Given that pseudo-cereals are extremely complex food matrices, extraction to isolate the target chemicals and purification or clean-up to remove impurities must always be carried out before analysis. Moreover, due to the imposed legal constraints, mycotoxins are typically found naturally in extremely low concentrations in food. In order to facilitate the subsequent detection of the analyte, it would be necessary to perform a concentration process in addition to the other steps [56,57].

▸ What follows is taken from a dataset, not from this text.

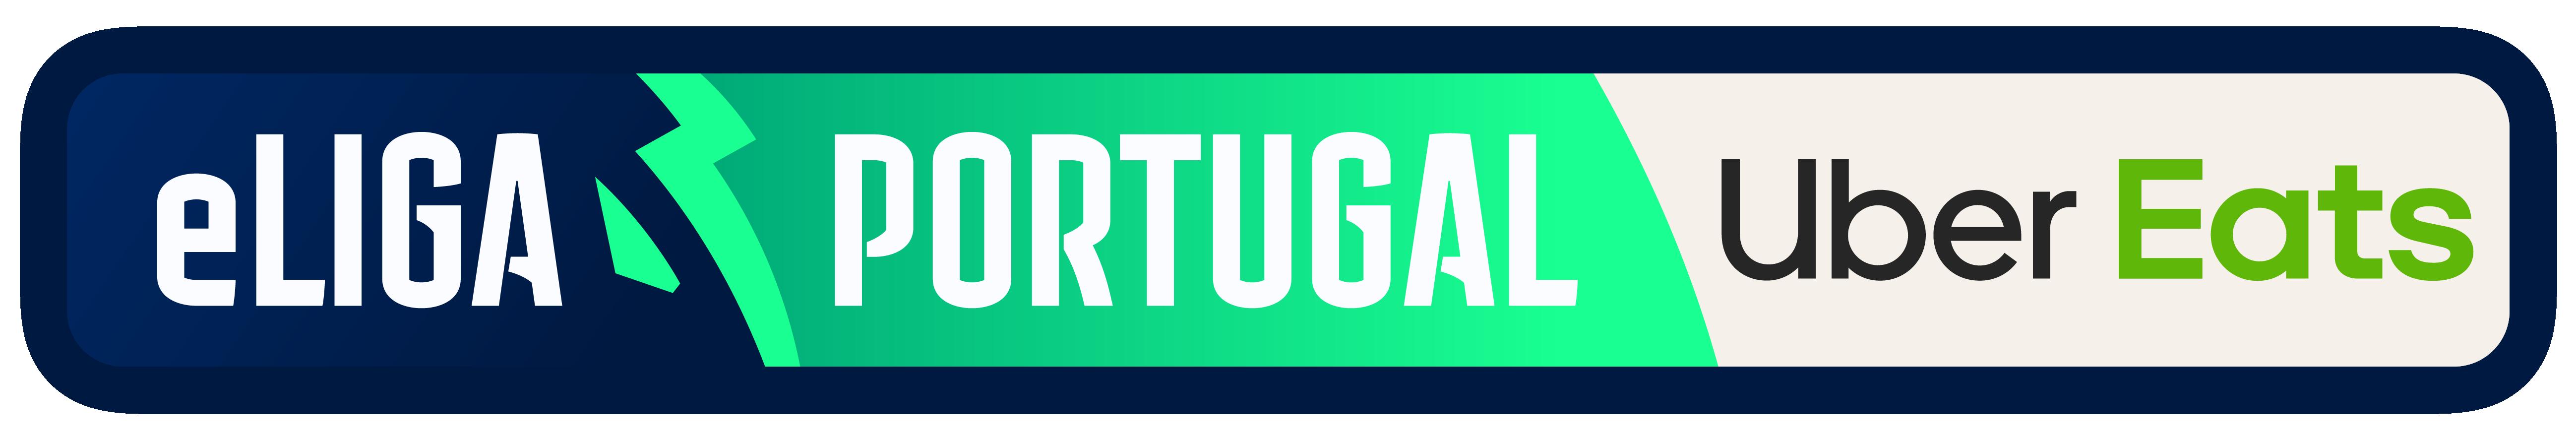 eLigaPortugal

The most common methodology used for mycotoxin extraction is solid–liquid extraction (SLE) followed by a purification or clean-up step when necessary, with the most widely used technique being solid-phase extraction (SPE), mainly with C18, or immunoaffinity columns (IACs), which contain specific antibodies to the analyte of interest [57,58]. However, IACs are costly and intricate purification systems, their utility in multiclass analysis is constrained by their high selectivity, and they also suffer from low recoveries for some mycotoxins. Therefore, multiclass extraction methods that are easier to use, more effective, and environmentally beneficial are needed. Among the different strategies, the so-called QuEChERS (Quick, Easy, Cheap, Effective, Rugged, and Safe), which is a type of dispersive SPE (dSPE) used for sample preparation, is commonly used for the extraction of a wide range of mycotoxins in different food matrices (Table 2) [22]. It consists of two steps: (i) extraction based on partitioning by salting-out, which involves the equilibrium between an aqueous and organic layer, and (ii) dSPE extraction for additional clean-up utilizing a mix of MgSO4 and other sorbents, such as C18 or primary and secondary amine (PSA) [22,59].

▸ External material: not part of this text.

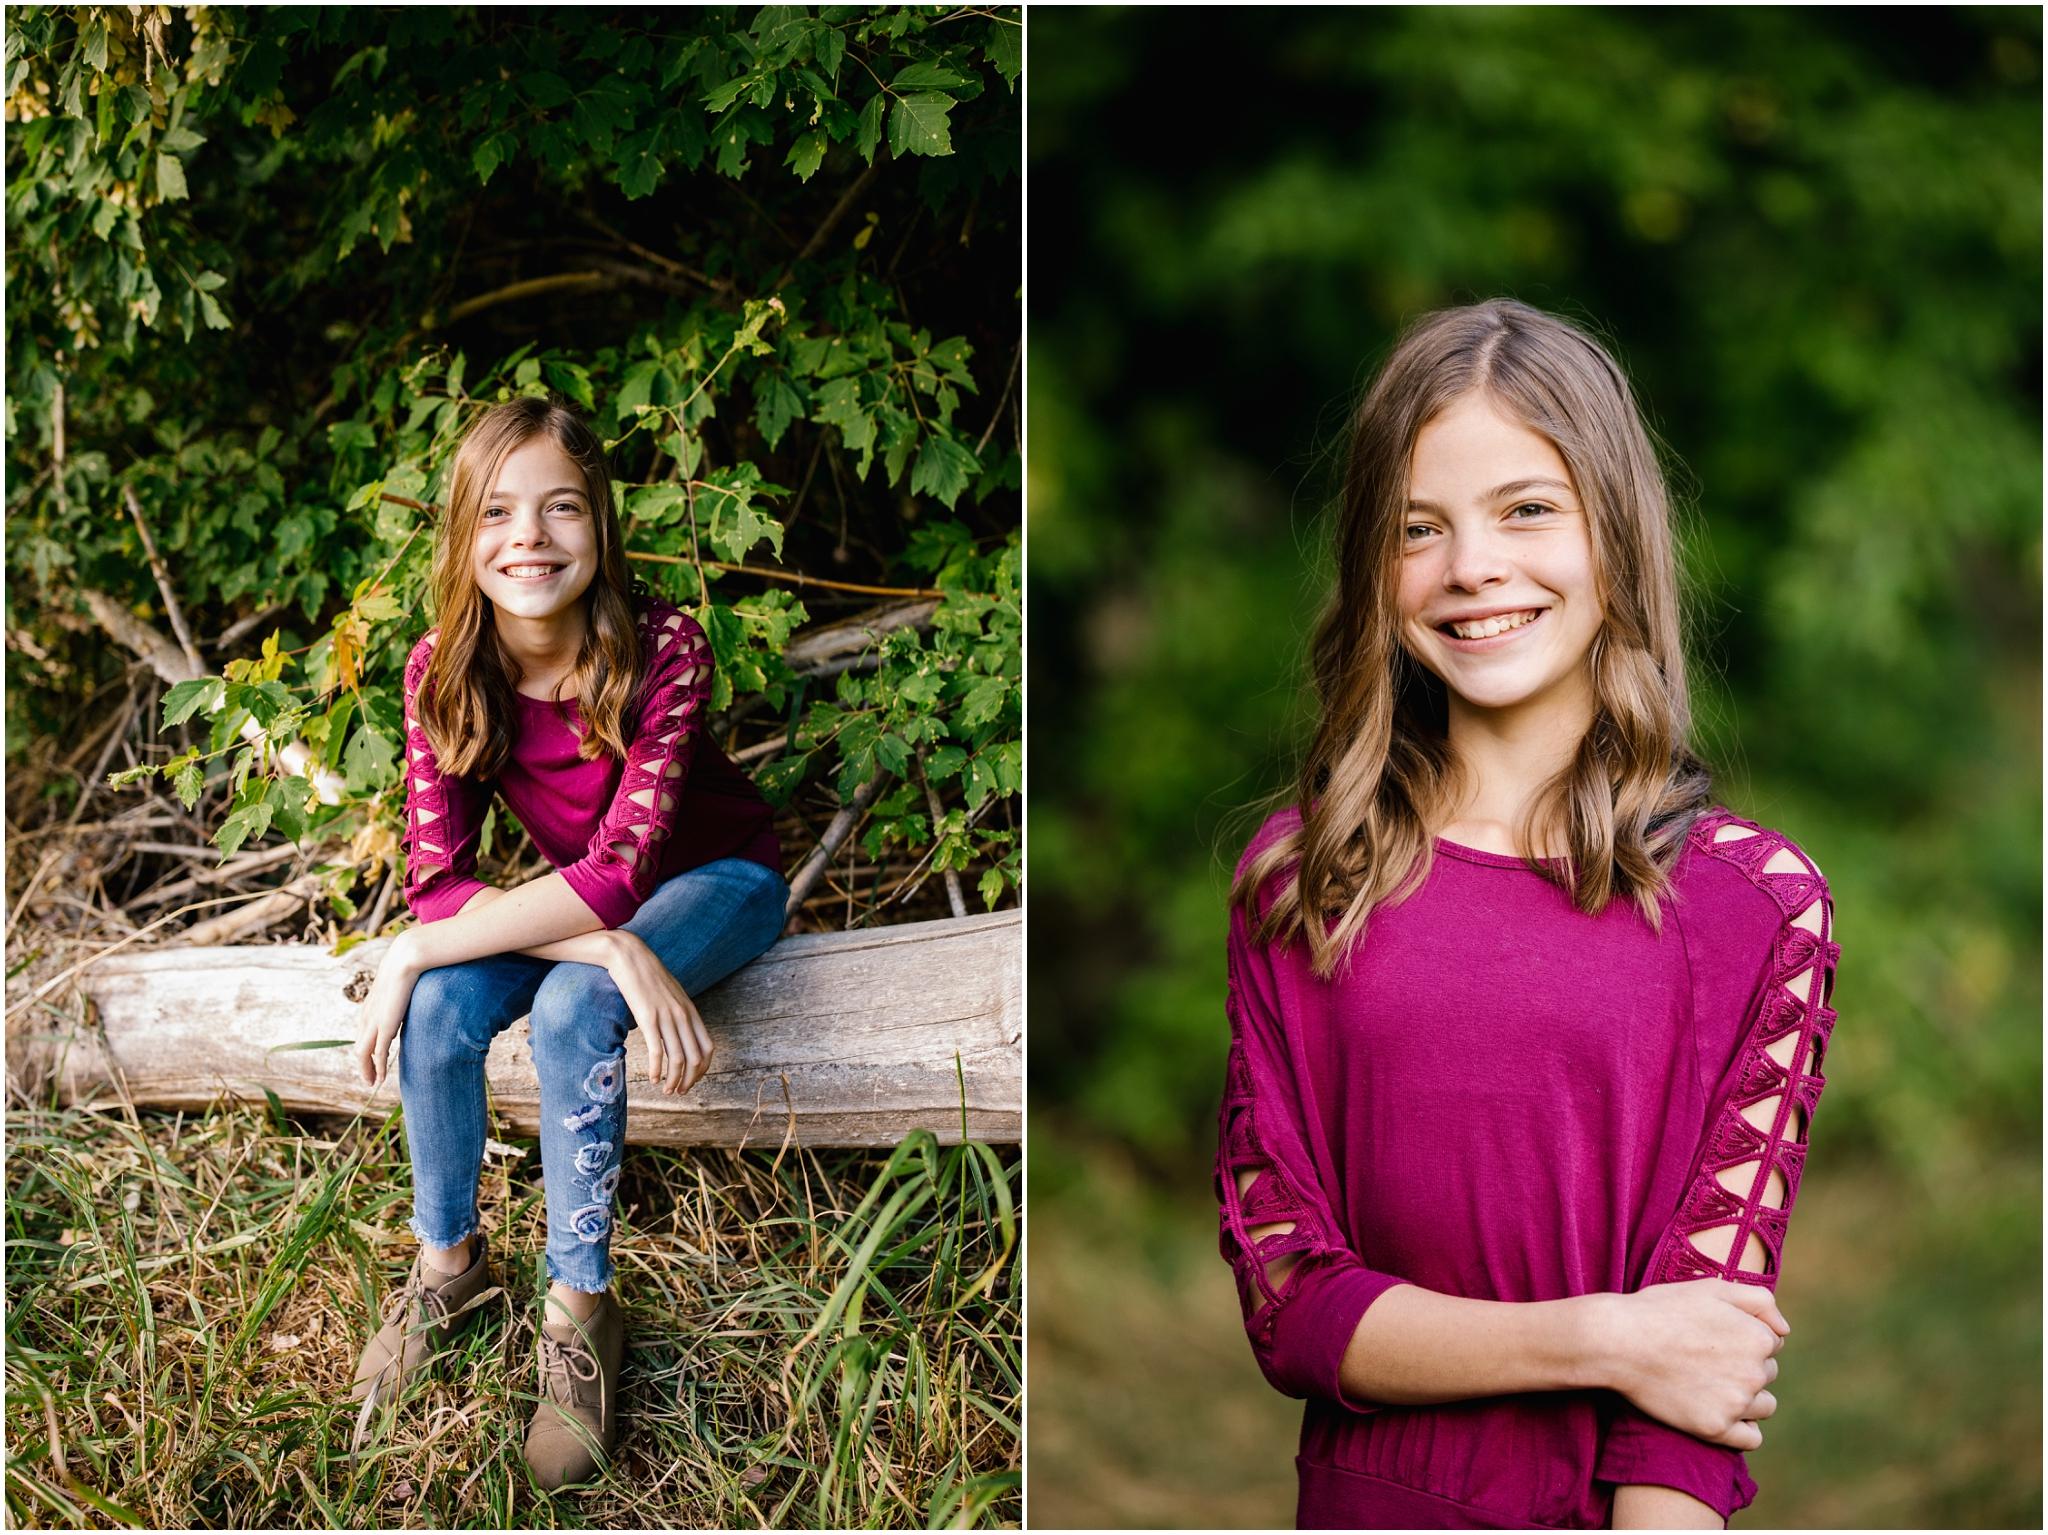 Hurst-24_Lizzie-B-Imagery-Utah-Family-Photographer-Hobble-Creek-Canyon-Jolleys-Ranch-Utah-County.jpg

On the other hand, in a conventional SLE, a compound or a group of compounds that are a part of a solid are dissolved in a solvent with the appropriate polarity. Most of the mycotoxins in this situation can be effectively extracted using comparatively polar solvents such as acetonitrile (MeCN), acetone, or methanol (MeOH) [60]. Additionally, it is practical to use small quantities of acidified water to moisten the solid to improve the efficiency of the extraction. By doing this, the latter’s contact surface with the solvent can be increased, and the pH is made more acidic, which enhances the mycotoxins’ solubility [61]. Since this kind of extraction is not very specific, it is frequently followed by purification or clean-up to get rid of any interfering substances that can affect the analysis’s outcomes, such as lipids, proteins, and coloring agents. Chelating chemicals (C18 and PSA) can be used to eliminate them in significant quantities [58,61].

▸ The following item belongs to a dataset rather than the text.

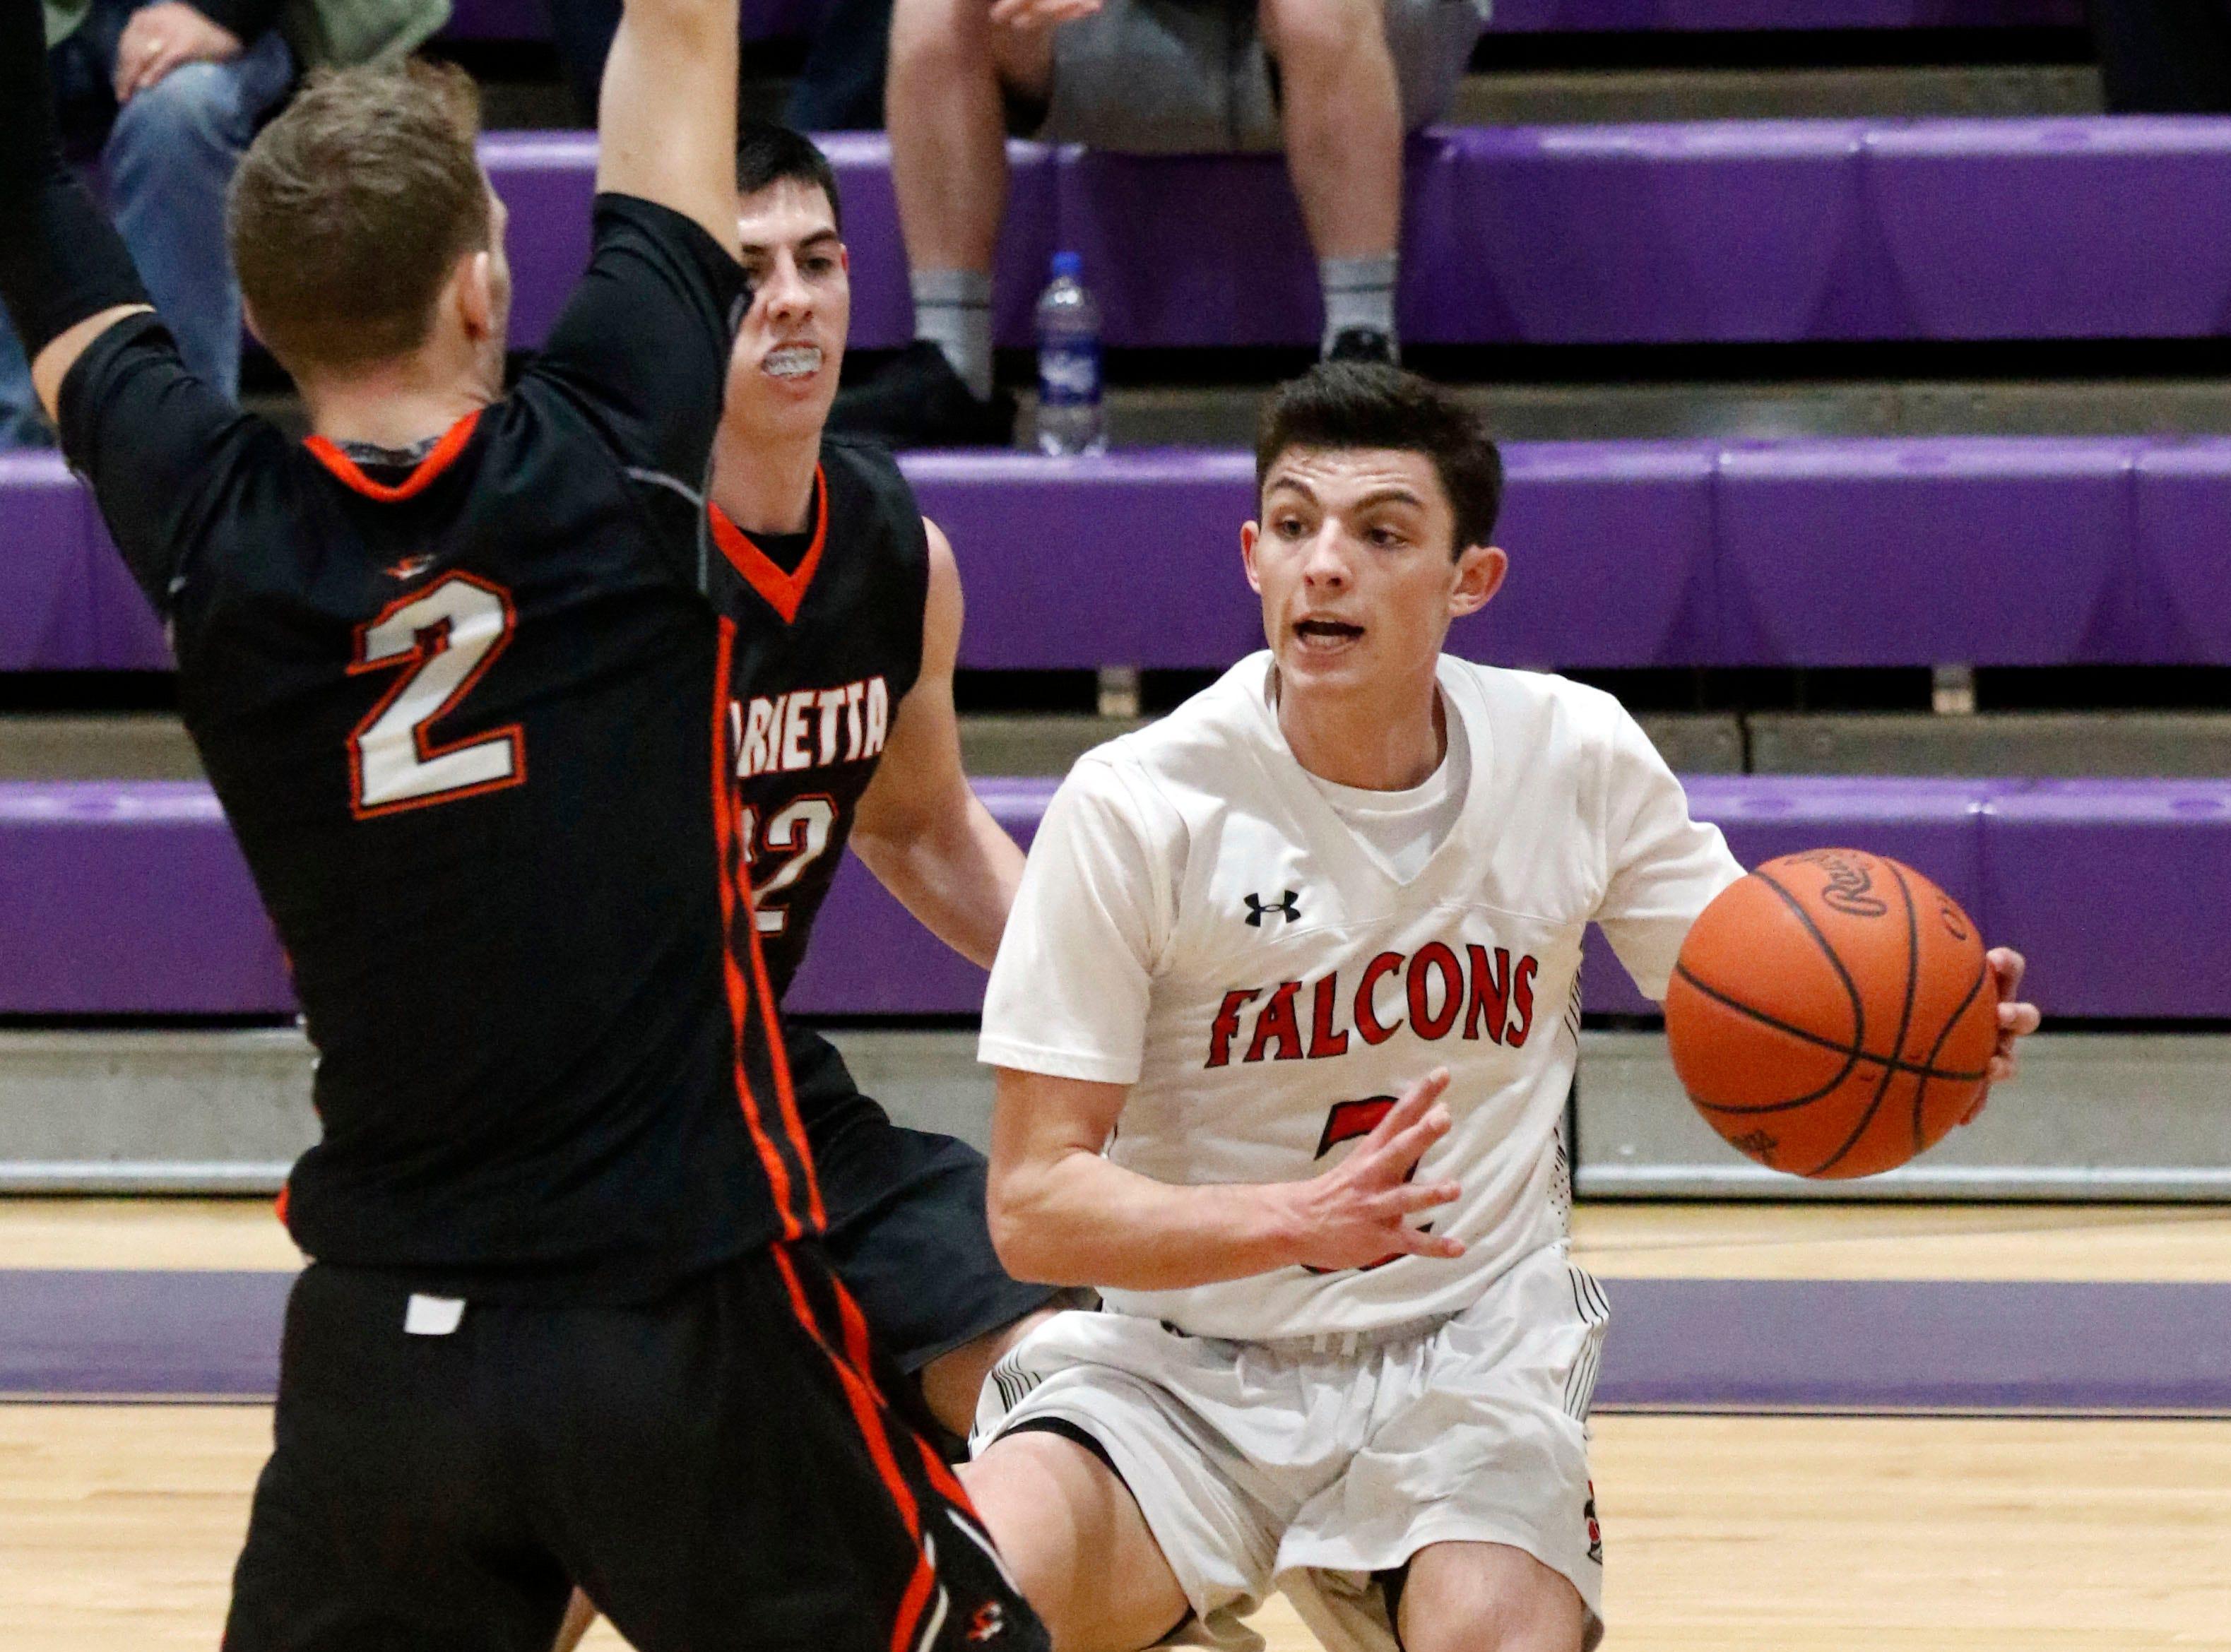 Fairfield Union defeated Marietta 48-33 Saturday, Feb. 23, 2019, at Logan High School in Logan.

3.2. Analytical Determination

Among the different analytical tools for mycotoxin determination, the most commonly used include thin-layer chromatography (TLC), liquid chromatography (LC), high-performance liquid chromatography (HPLC), and gas chromatography (GC) (Table 2) [62]. For quantification purposes, LC and GC can be coupled to different detectors, such as ultraviolet (UV), fluorescence (FL), or mass spectrometry (MS) [22]. Initially, UV and FL were widely used for mycotoxin determination [32,39,40,46]. These detection techniques are based on the UV absorbance and fluorescence characteristics of mycotoxins. Generally, the sensitivity of fluorescence is 10–1000 times higher than the sensitivity of the UV detector, so FL is used conventionally in the determination of specific fluorescent compounds present in cereal and pseudo-cereal samples. FL detection has been widely used in the analysis of AFs, OTA, and ZEA in cereals and pseudo-cereals matrices with good accuracy and high precision [63]. For instance, Torović (2018) [46] analyzed the presence of AFs and OTA in samples of wheat, buckwheat, rye, oat, barley, rice, millet, and corn flour employing HPLC with FL detection. The analytical method developed showed good performance, with recoveries ranging from 53.1% to 85.0% for AFB1 and from 70.3% to 88.3% for OTA and limits of detection (LODs) and quantification (LOQ) of 0.04/0.1 μg/Kg for AFB1 and 0.07/0.2 μg/Kg for OTA, respectively.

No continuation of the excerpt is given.